Seconds later her door was slammed in Inuyasha's face and she was making a beeline to her bathroom. A hot bubble bath was clearly in order.

-ooo-oooooo-ooo-

Sesshoumaru read over the fifteen paged, double spaced, size ten Times New Roman font report. "What does this mean?" he asked.

"Sir?" Jaken asked.

"You're faulting her for the restaurant's menu? Are you a complete fool? You were supposed to be inconspicuous." He ran his fingers through his hair in annoyance. "You weren't thrown out. That says something for her patience," he muttered.

He flipped through the next few pages until he fell upon a photograph of her outside her home. "You followed her?"

"Of course, I wanted you to have the most accurate report," Jaken said quickly.

Sesshoumaru noted the address and then scrolled through his telephone's contact list, coming across the name of his half-brother. "That's interesting," he said.

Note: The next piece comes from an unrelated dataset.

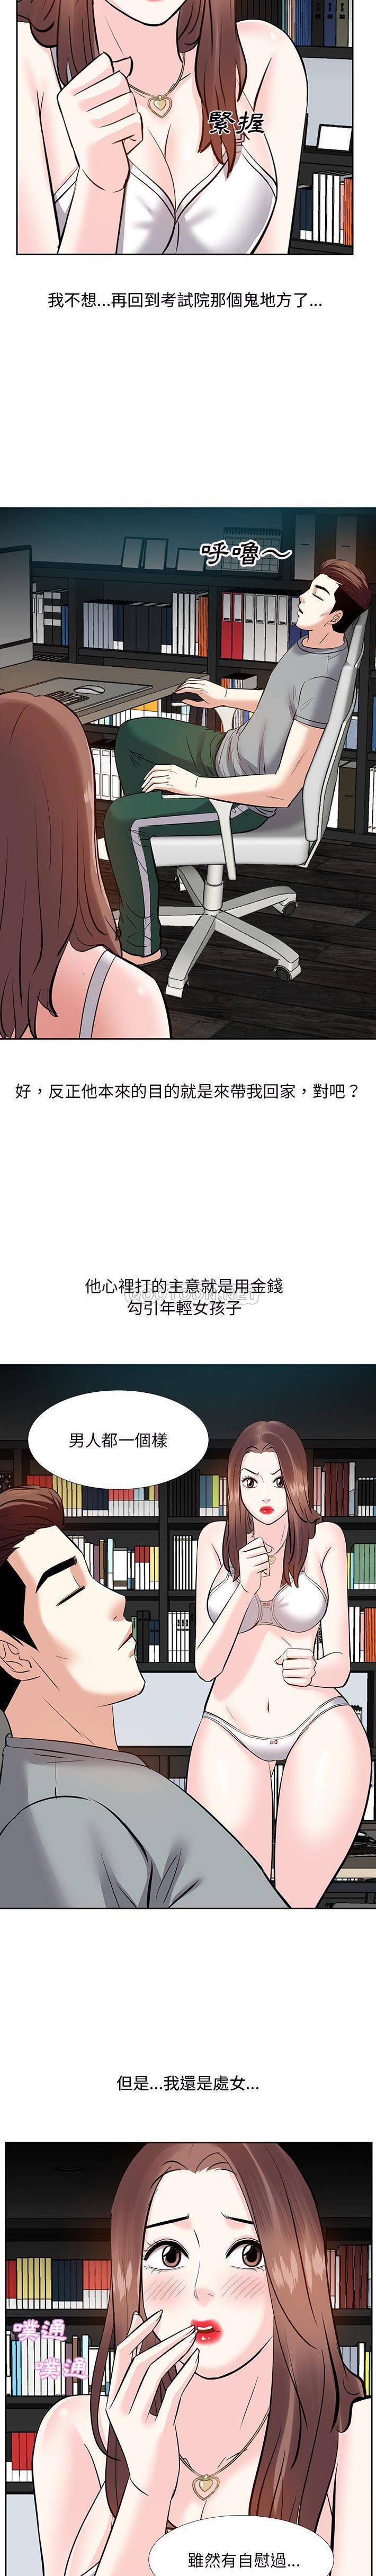 韩国污漫画 甜心幹爹 第9话 3
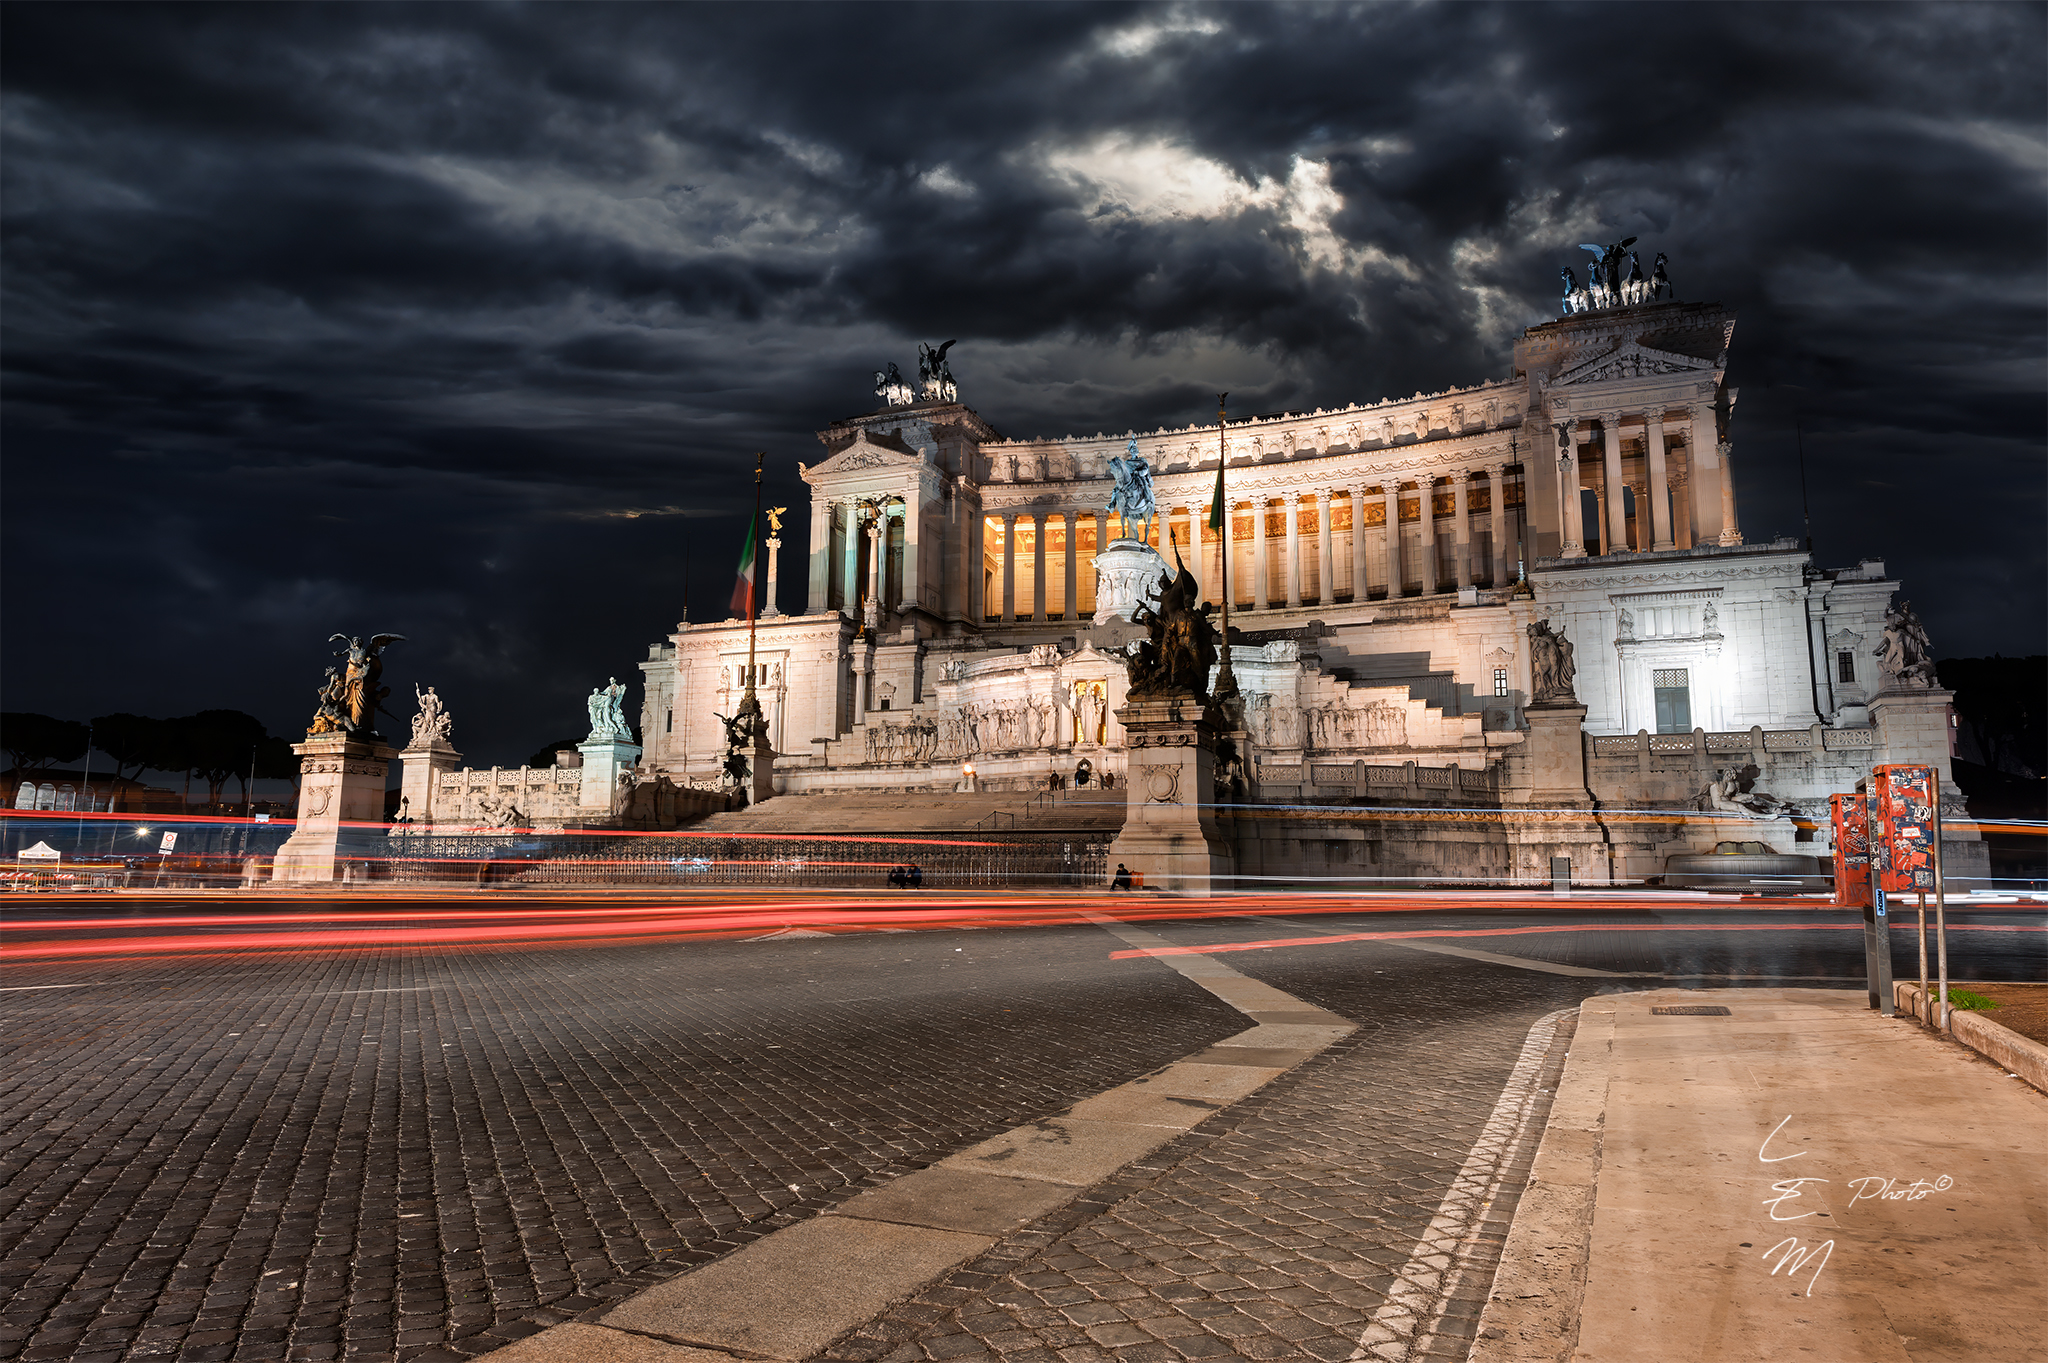 rome, vittoriano, night, lights, clouds, altare della patria, Enrico Luzi

"What, sir? What is of interest? Did you enjoy how I described her grimace on page eight? I think her teeth are a bit too straight. I'd wager she once wore braces, you certainly wouldn't want to sully your genes with horrible teeth."

"I'm going on a date with her, not having her bear my children," Sesshoumaru answered absently. He flipped the next page and saw a second photograph, this time of Kagome's door slammed into the face of his long lost—more like forgotten—estranged half-brother.

"So, sir, shall I call in your body double to take her out? Surely you don't want to contaminate your greatness with her lowly peasant filth," Jaken said.

"No. I want you to have the jet prepared for tomorrow night. Make the arrangements and leave me in peace." Sesshoumaru shooed his subordinate away. He then turned to his laptop and signed onto his e-mail.

Kagome,

I look forward to our outing tomorrow night. You have my apologies for not responding sooner with details on our date. As you have surmised from my profile I am a rather busy man. Be ready at 6:00 p.m., and pack your swimsuit and something nice for a casual dinner.

Sesshoumaru

He hit the send button and then leaned back in his chair, arms crossed behind his head with a smug expression. Won't tomorrow night be a fun family reunion?

-ooo-oooooo-ooo-

Authors' Note: Yes, it was a bit of a tease, but we felt like Sesshoumaru deserved his own two chapter arc.